Work instructions:
Only one stretch of the material below is wanted: everything from the line containing "Hotel Ultramarine (Quark" down to the line containing "This elegant Dura", both ends included. Repeat it exactly and skip the pictures.

Provided records:
+ + + + + + +
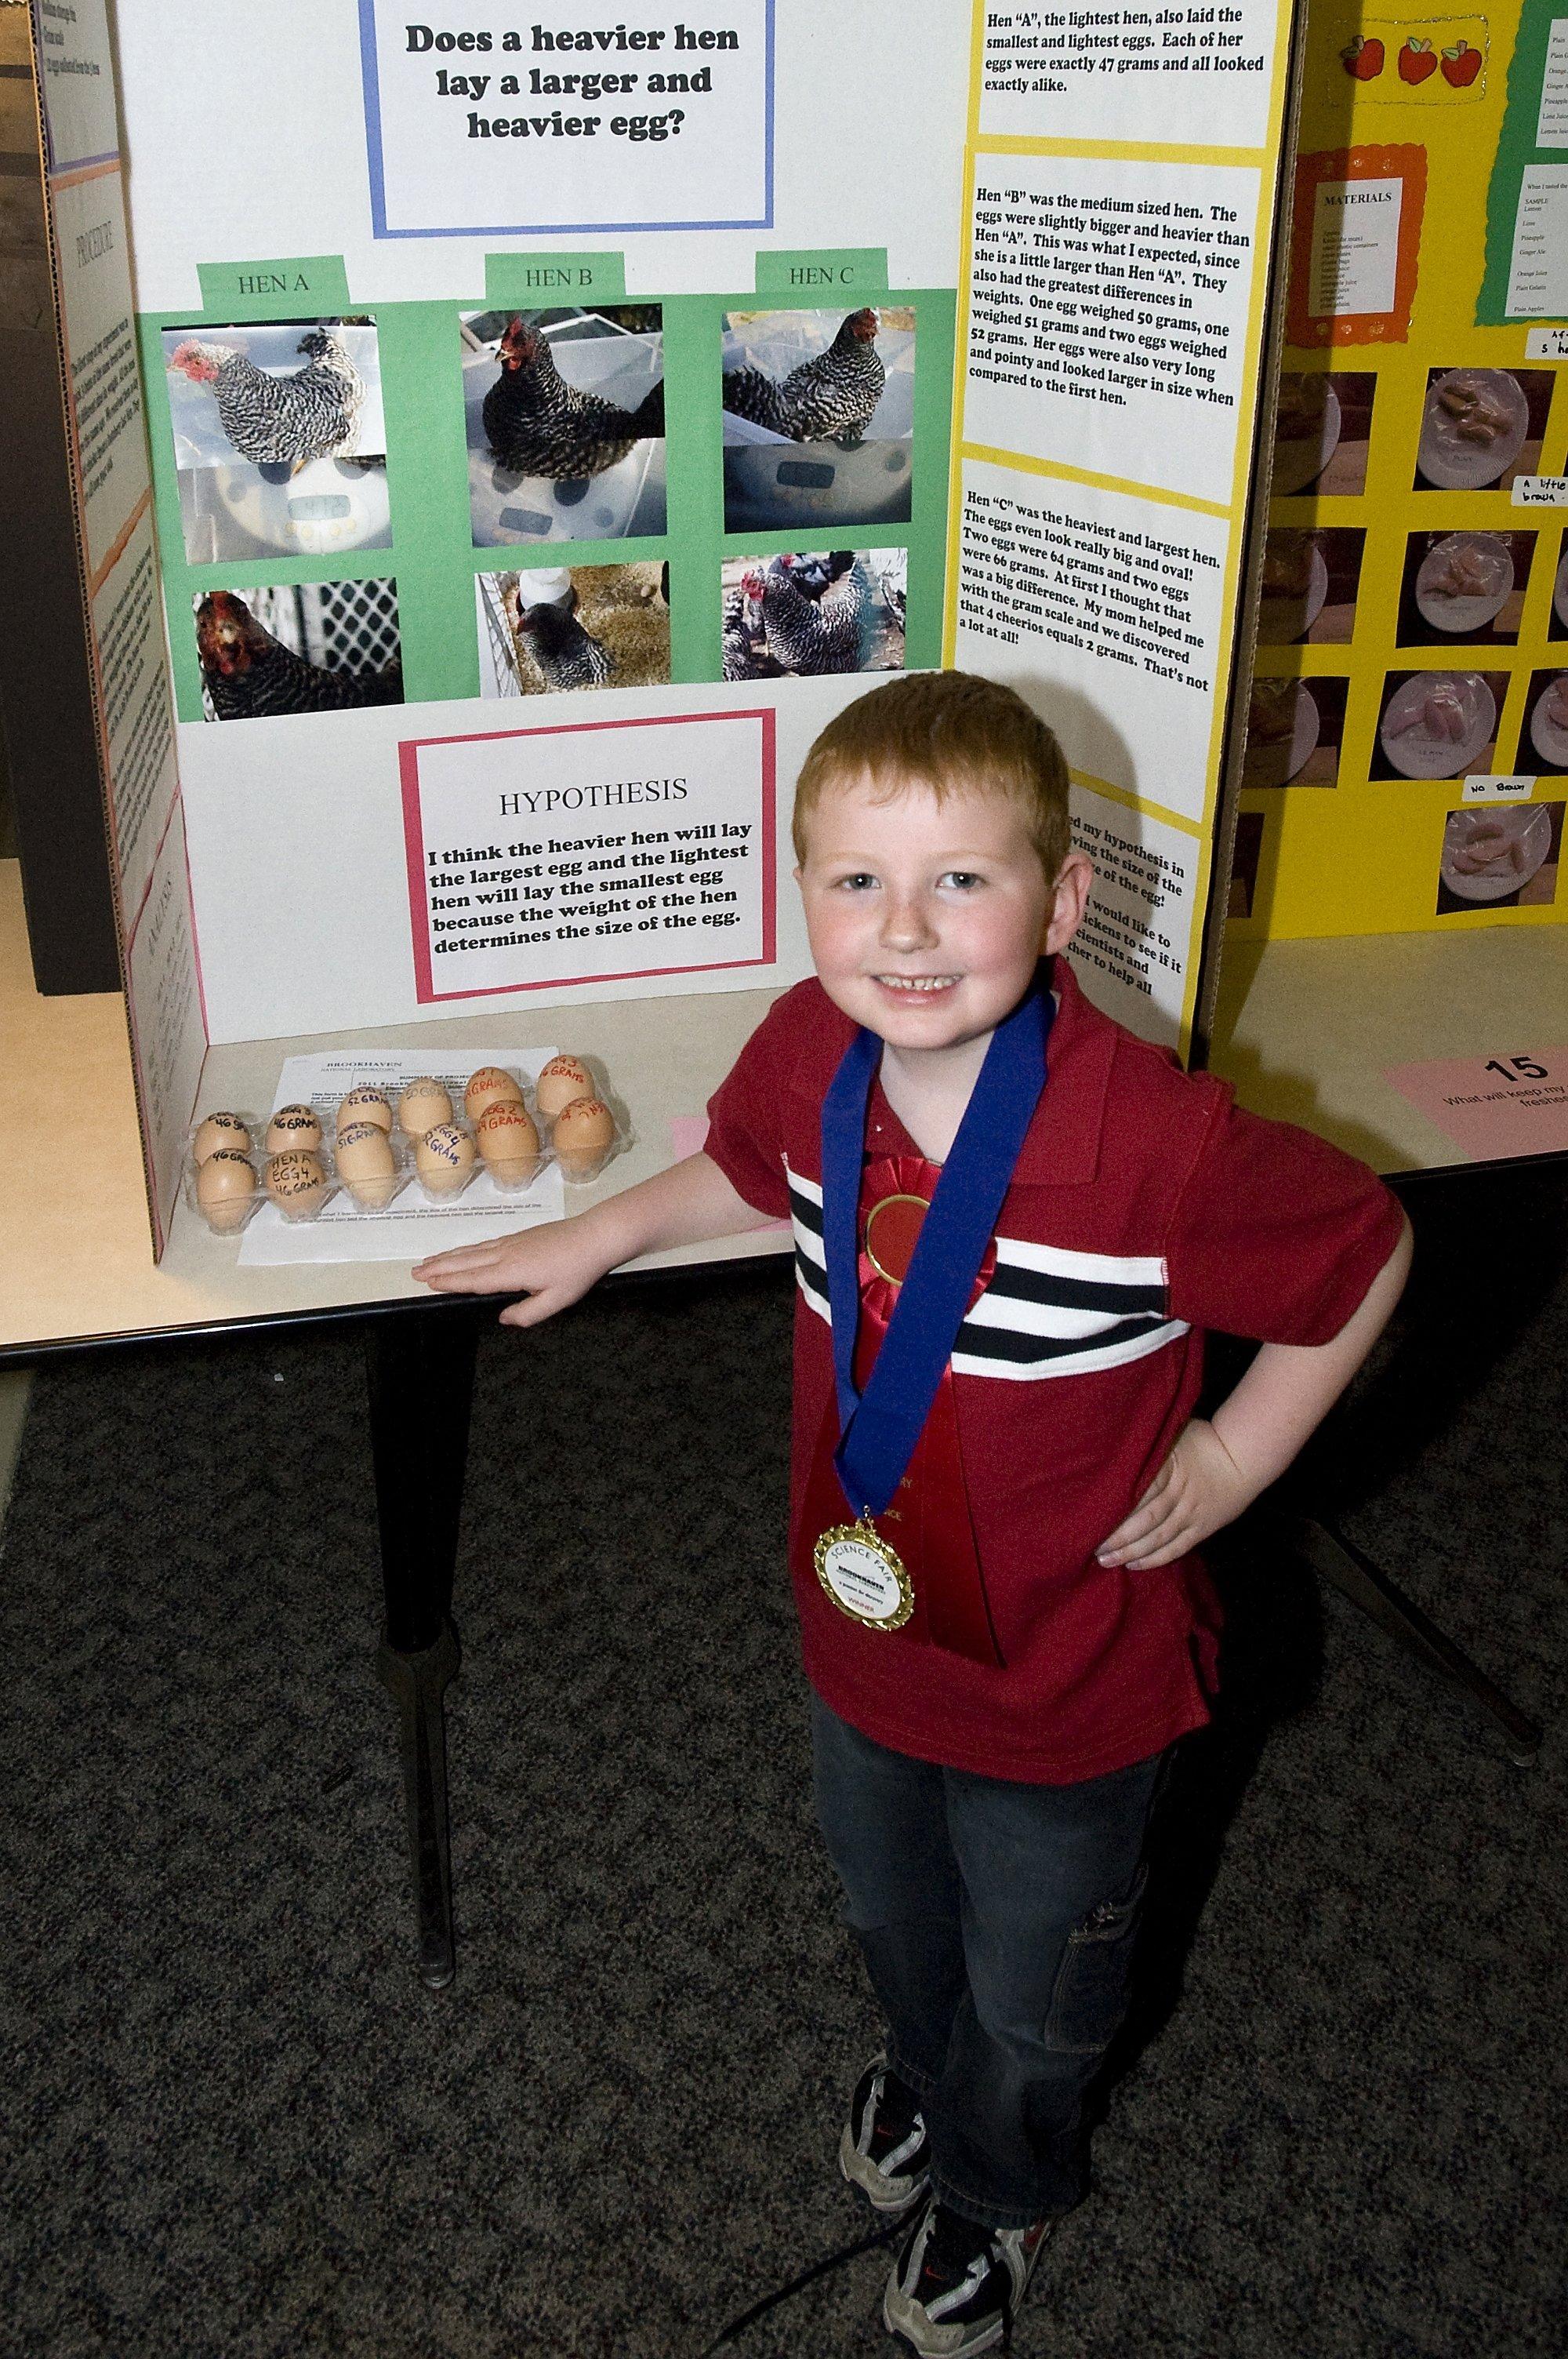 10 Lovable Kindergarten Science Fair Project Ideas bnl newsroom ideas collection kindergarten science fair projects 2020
+ + + + + + +
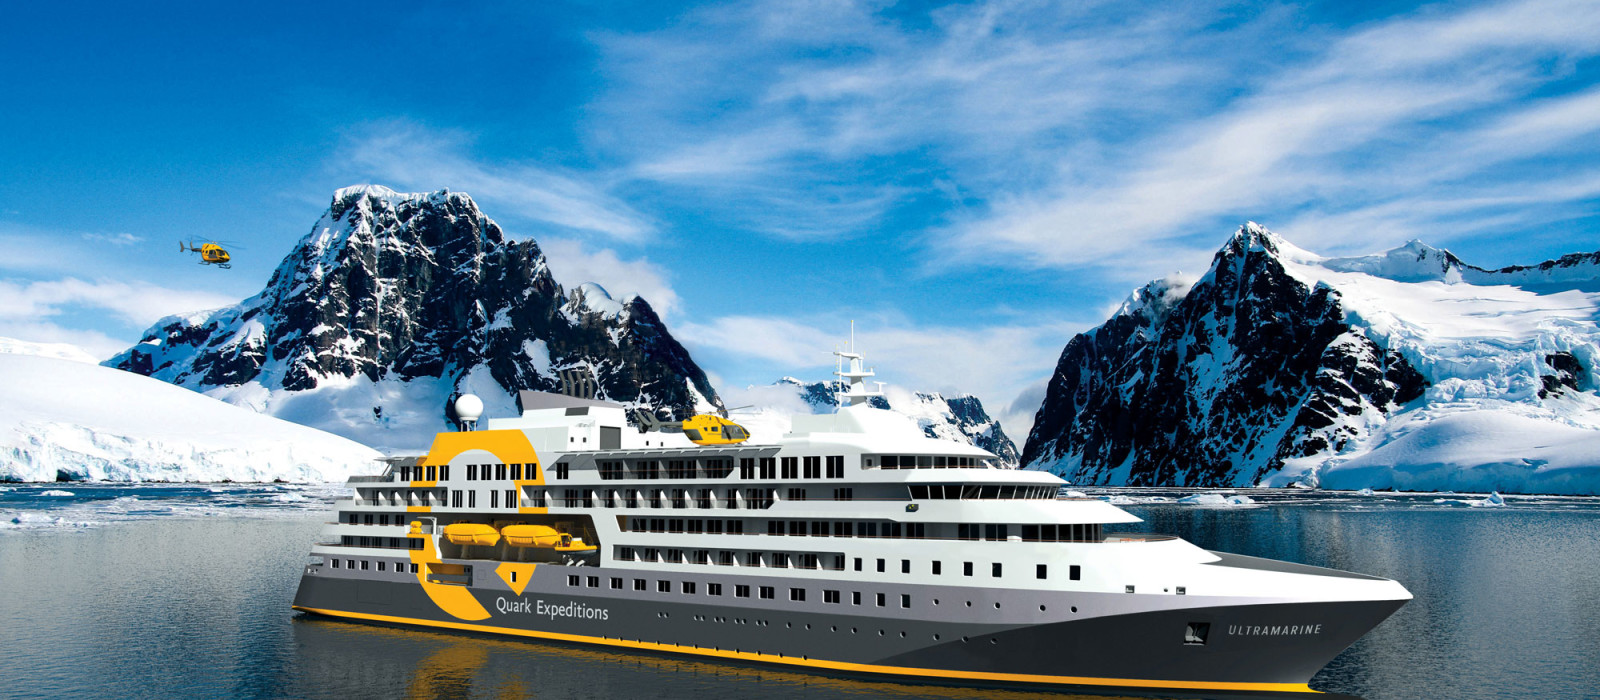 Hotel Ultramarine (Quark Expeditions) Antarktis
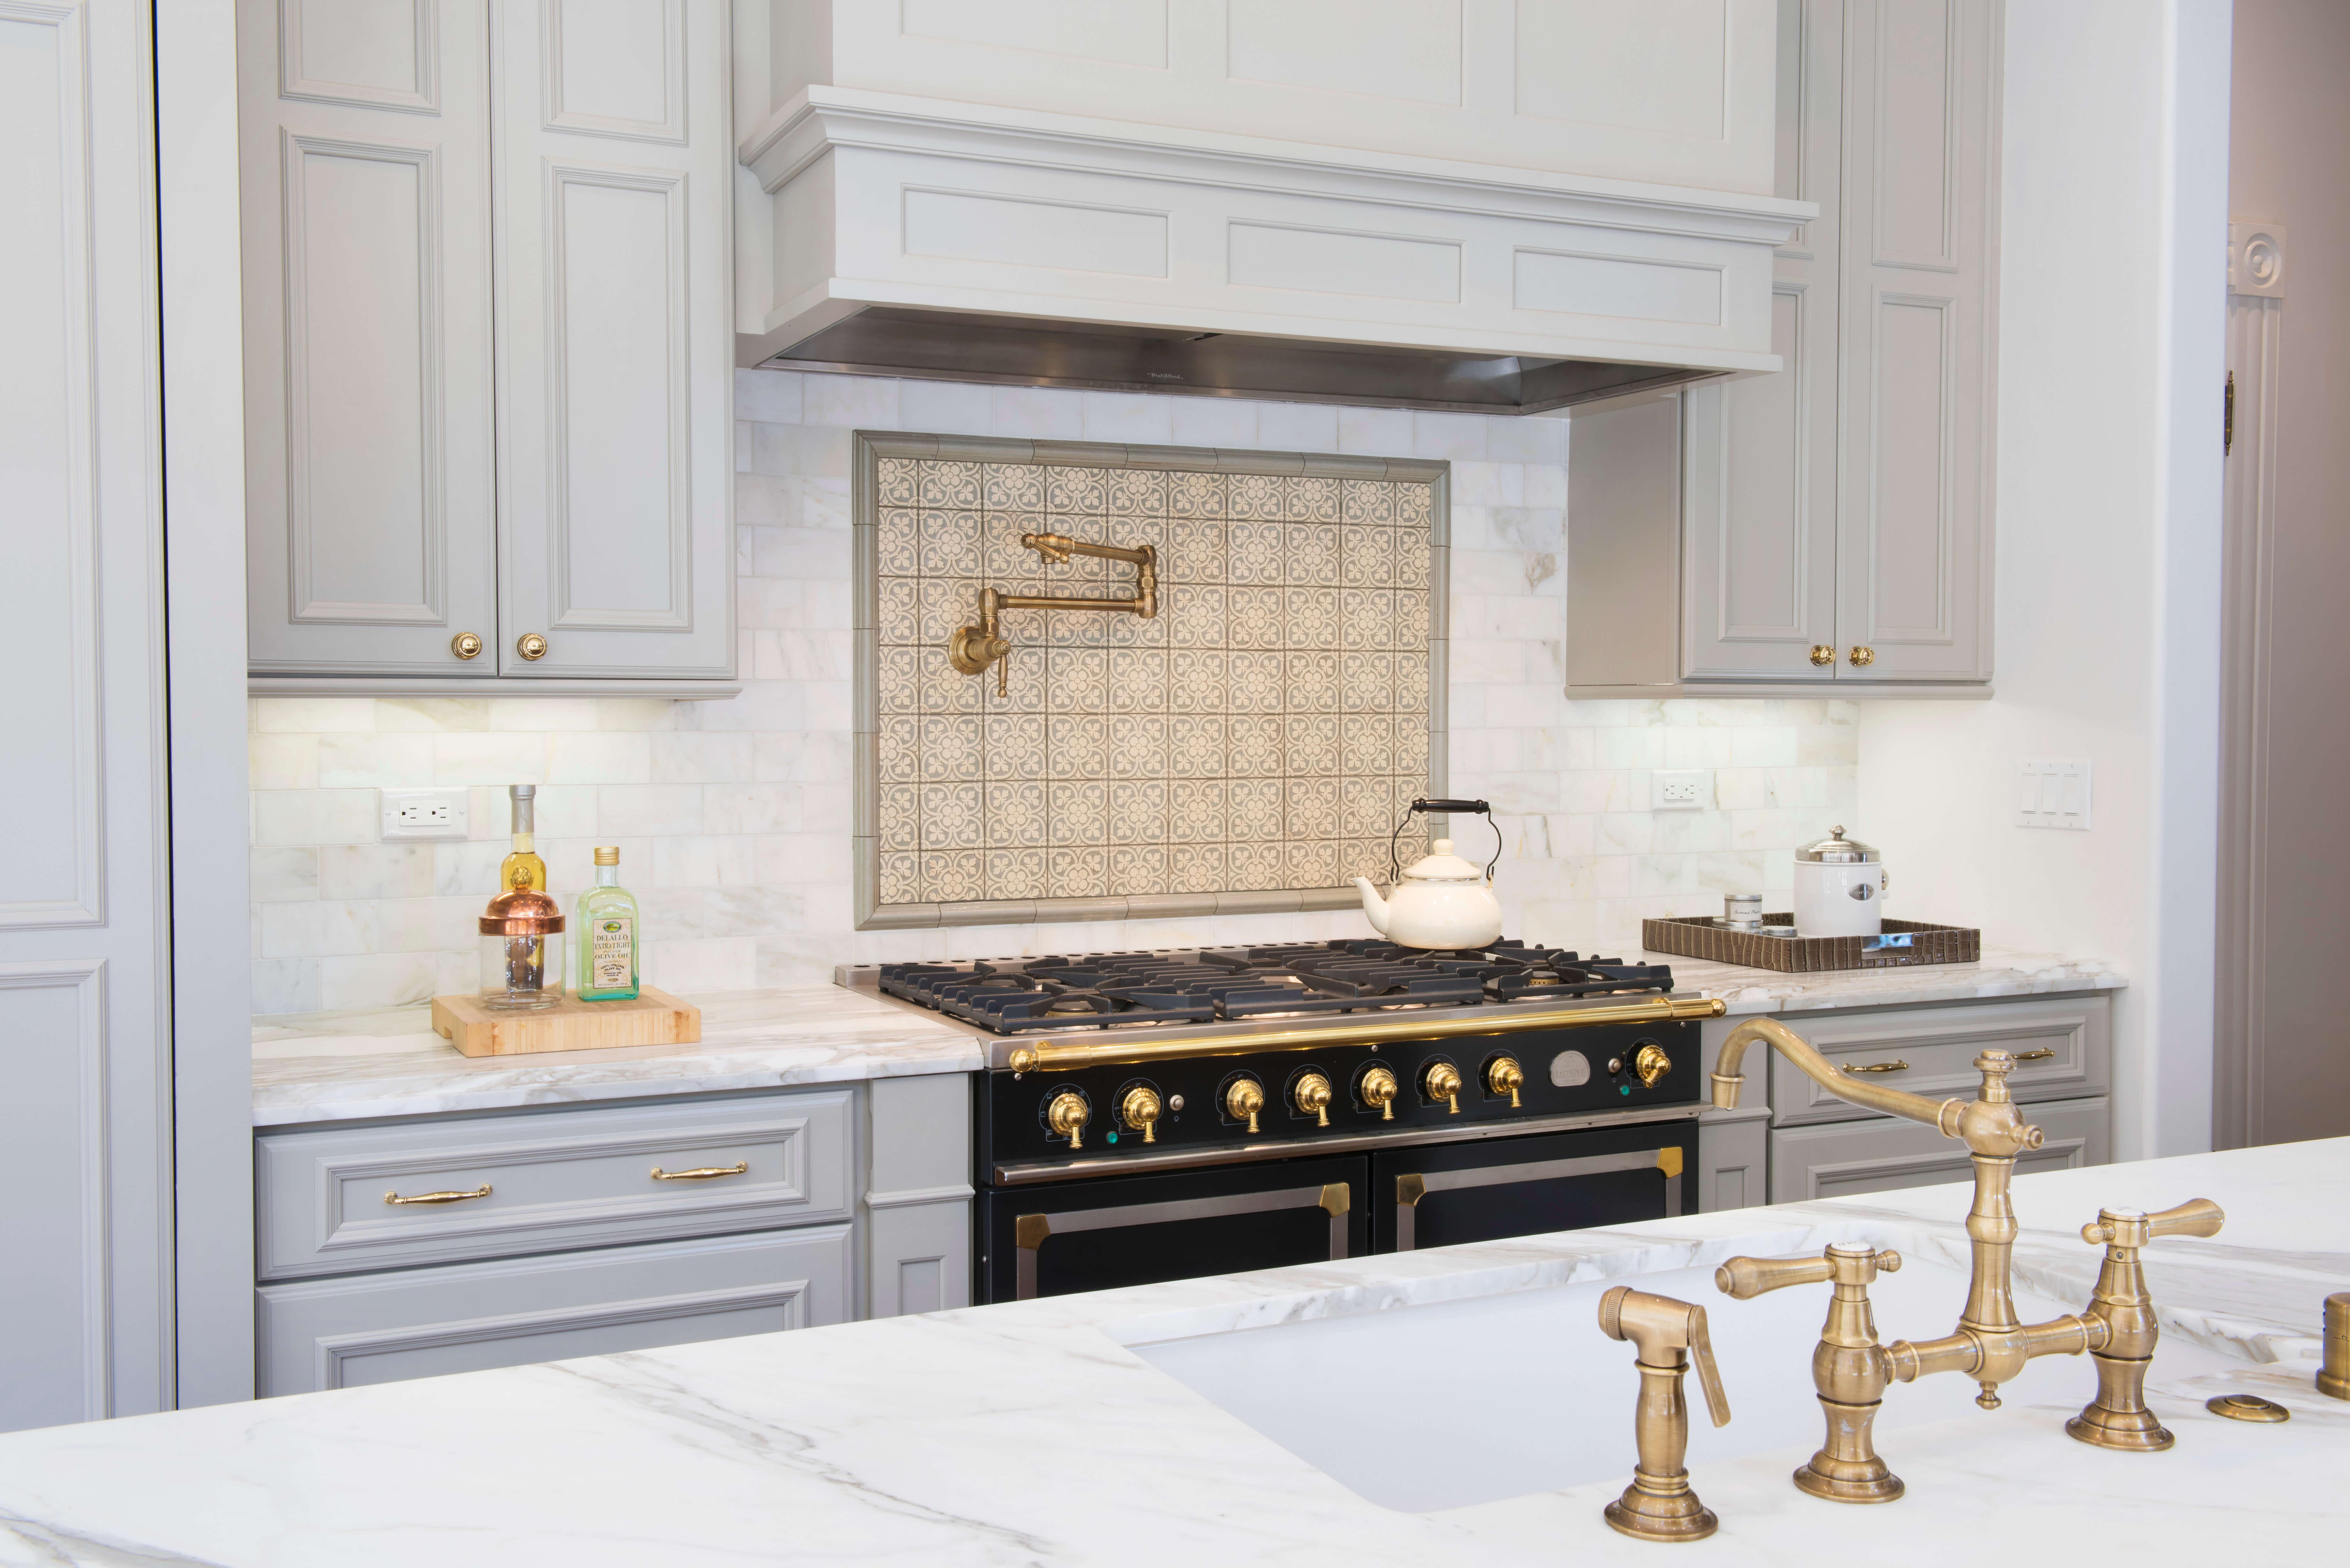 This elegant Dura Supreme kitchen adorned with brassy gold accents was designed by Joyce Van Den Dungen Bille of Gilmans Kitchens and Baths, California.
+ + + + + + +
Your response:
 Hotel Ultramarine (Quark Expeditions) Antarktis
 This elegant Dura Supreme kitchen adorned with brassy gold accents was designed by Joyce Van Den Dungen Bille of Gilmans Kitchens and Baths, California.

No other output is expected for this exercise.